* **Data**
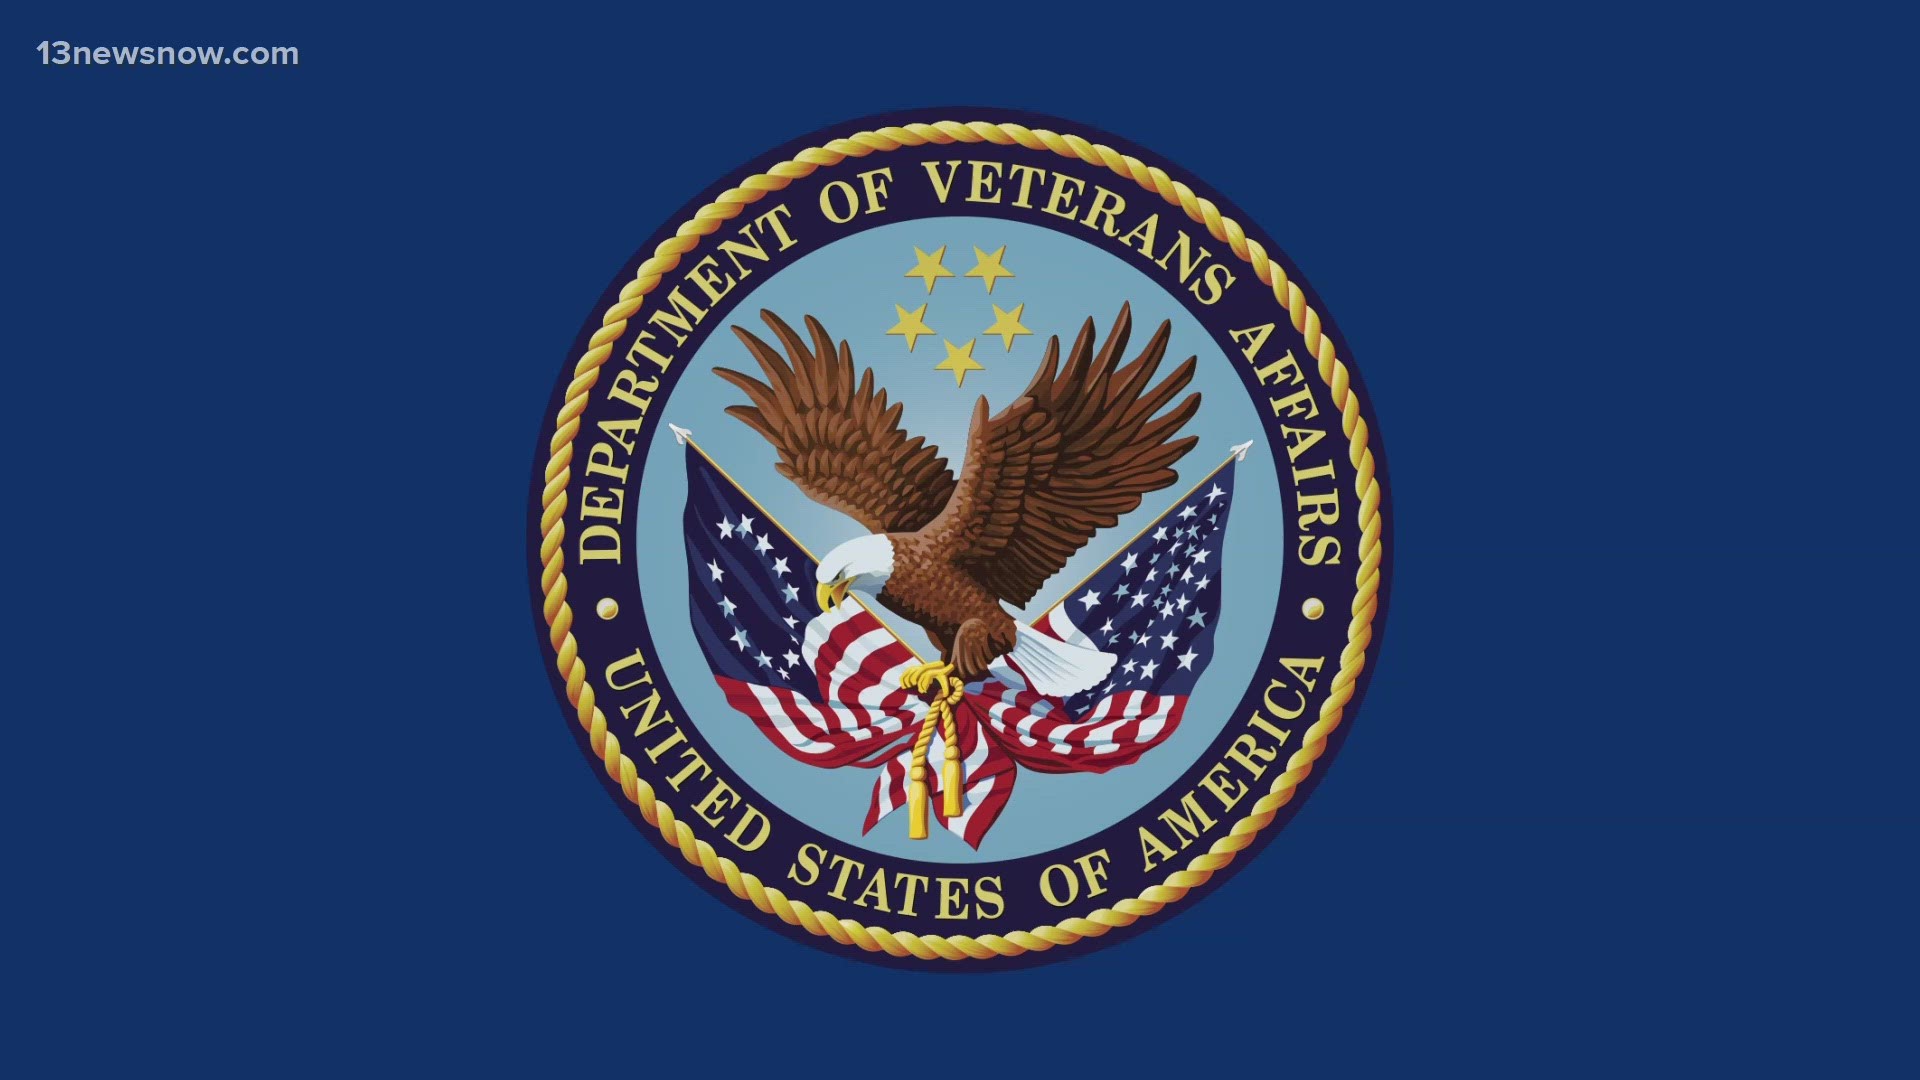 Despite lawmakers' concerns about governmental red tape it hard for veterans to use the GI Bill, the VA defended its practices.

---

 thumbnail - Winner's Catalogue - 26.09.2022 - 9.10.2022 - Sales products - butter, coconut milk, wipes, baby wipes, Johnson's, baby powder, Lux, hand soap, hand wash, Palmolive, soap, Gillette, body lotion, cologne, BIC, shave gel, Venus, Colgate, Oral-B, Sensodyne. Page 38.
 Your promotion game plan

* **Assignment**
Wherever the line holding "thumbnail - Winner's" falls in the entries above, copy exactly from it through the line holding "Your promotion game plan", inclusive, and add nothing.

* **Exercise result**
 thumbnail - Winner's Catalogue - 26.09.2022 - 9.10.2022 - Sales products - butter, coconut milk, wipes, baby wipes, Johnson's, baby powder, Lux, hand soap, hand wash, Palmolive, soap, Gillette, body lotion, cologne, BIC, shave gel, Venus, Colgate, Oral-B, Sensodyne. Page 38.
 Your promotion game plan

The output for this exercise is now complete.